Упала на пол разрезанная куртка, и Надя увидела его спину в страшных бороздах царапин, отекшее, багровое плечо, видно, выбитое из сустава.
— Митя, как же это? Милый мой Митя…
Горькая улыбка шевельнула его запекшиеся губы:
— Опять подвел тебя. А что поделать? Не сердись. Но я уложил его. Трудно поверить, да и жалко…
— Митя, как ты так можешь? — Надя содрогнулась всем телом, — леденеет сердце от одной мысли, чем могло все это кончиться…
— Ты насовсем? — спросил он, медленно облизав распухшие, в струпьях, губы, и глаза его непривычно насторожились.

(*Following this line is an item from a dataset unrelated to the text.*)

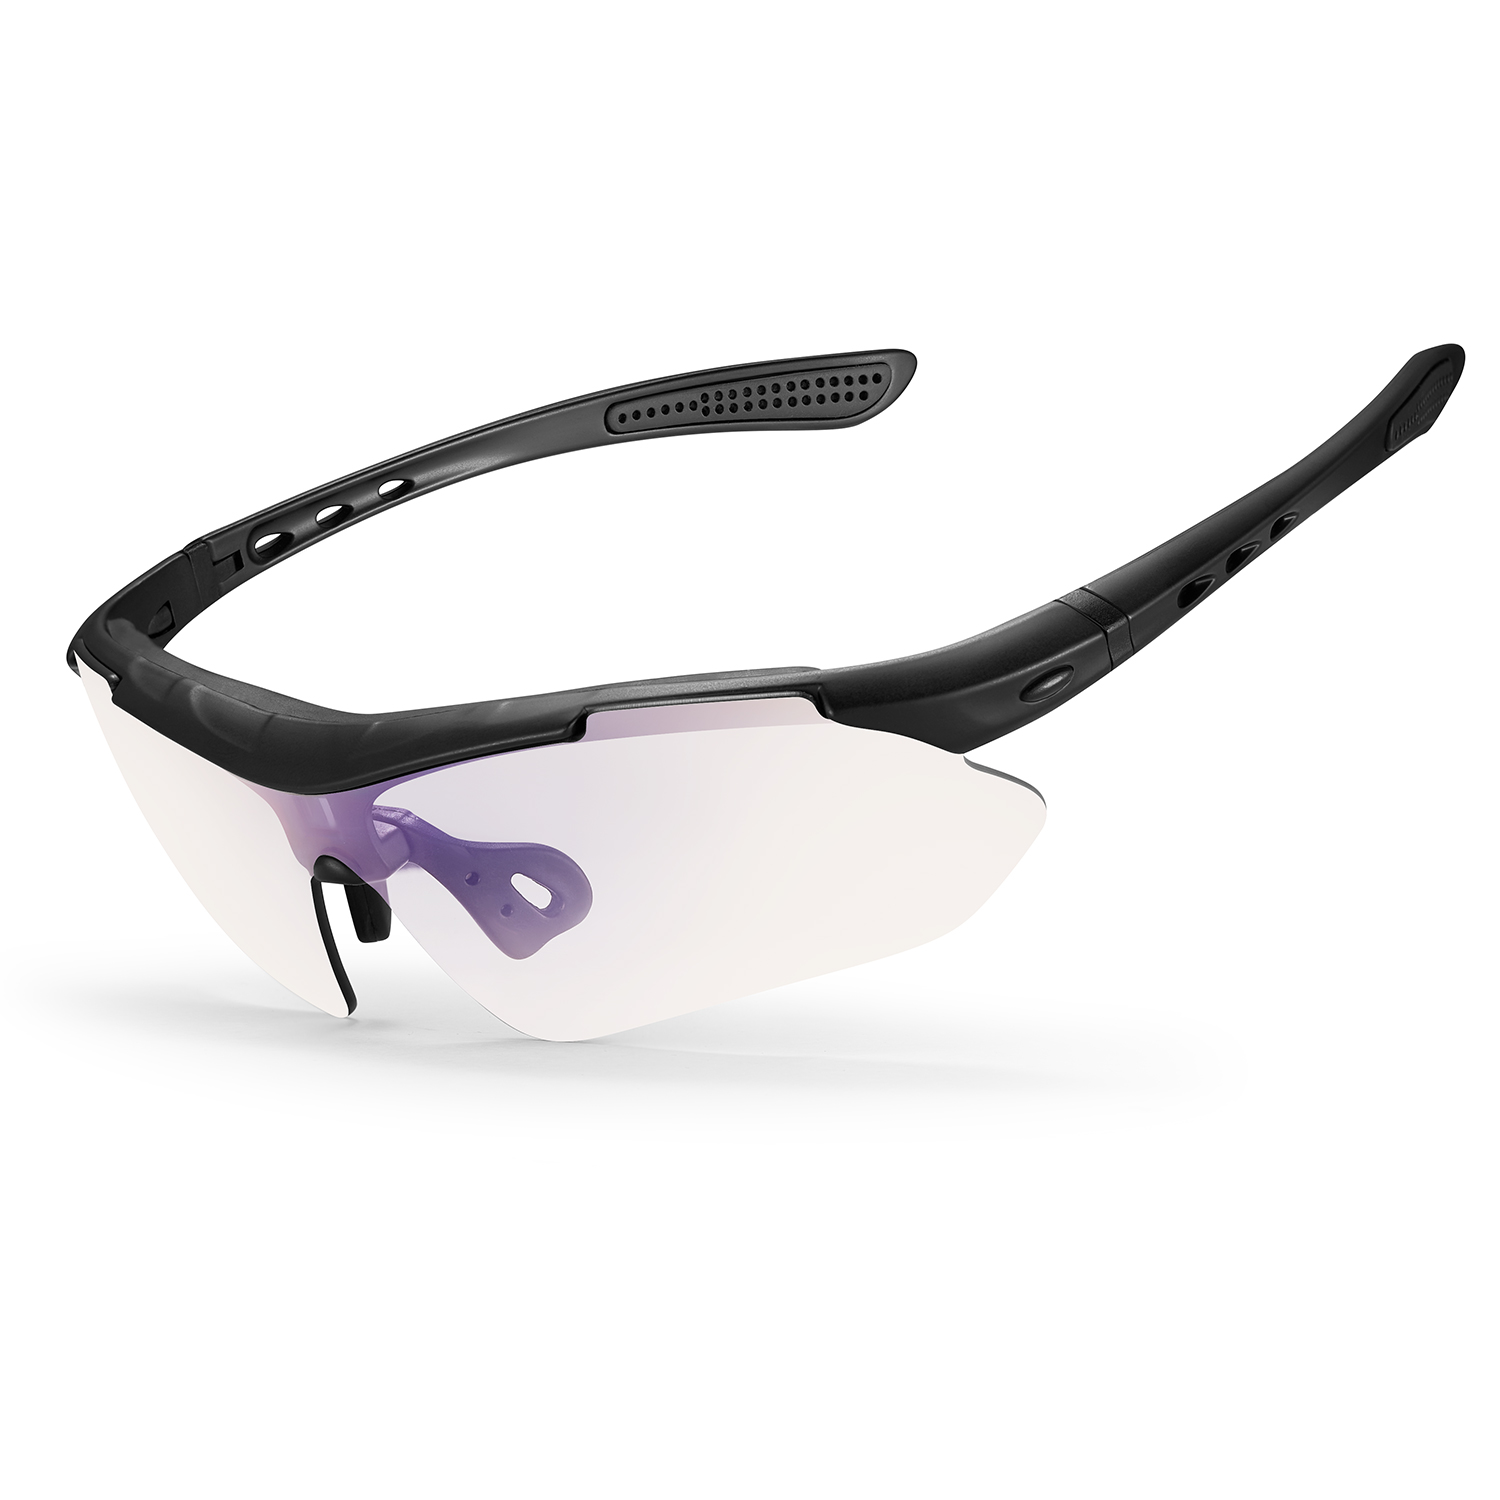 Reanson Custom Polarized 5 Lens Cycling Sunglasses

— Насовсем. Я приступила к делам.
— Хорошо… А я волновался… Андрей рассказал о Жогине. Ты мне почему-то не написала. Тяжело было пережить?
— Мучительно, Митя.
Он взял ее руку и молча пожал. Это как бы вернуло Наде прежнюю решительность, и, оглянувшись на плачущую Лизу, она строго приказала:
— Чего ждешь? Быстро противостолбнячную сыворотку! Вызови Таню Заикину. Срочно рентгенообзор грудной клетки, позвоночника, левой руки.
Наде странно и больно было видеть, как Лиза, не переставая всхлипывать, подошла к Дмитрию и скомканной марлей вытерла ему потный лоб.
Он лежал на топчане на боку, лицом к жене, сидящей возле него на табурете. Светлая щетина бороды, ввалившиеся, с лихорадочным блеском глаза, потерявшие юношескую припухлость, сильно изменили его. Это был он и не он. Доверчивость и мягкость его черт будто кто подменил суровой решительностью… И что-то дрогнуло в ее душе, заныло. В самые страшные испытания жизни никогда этого не случалось с ней: она испугалась. «Он один на свете, Дмитрий… Другого не будет…»
— Митя, я люблю тебя, люблю, — вырвалось у нее. Это неожиданное для нее самой признание опять подтолкнуло ее к действию, и она строго приказала: — Лиза, пенициллин! Быстрее, ну что ты, право… Позови Манефу. Ах да, Манефы нет. Как же нет?.. — И попросила резко: — Дай шприц! — Она ввела ему пенициллин, отнесла и бросила шприц в кипящую ванночку, вернулась, села на табурет.
— У тебя такая мягкая борода, — заговорила она уже спокойным голосом, гладя его щеку. — Ты такой красивый. Настоящий лесной капитан, Митя!
Она говорила эти слова, а руки ее с необыкновенным вниманием и чуткостью ощупывали его шею, ключицу, позвоночник. Как всегда, уверенно, профессионально-привычно, и только слез, которые текли по ее лицу, тут никто и никогда еще не видел.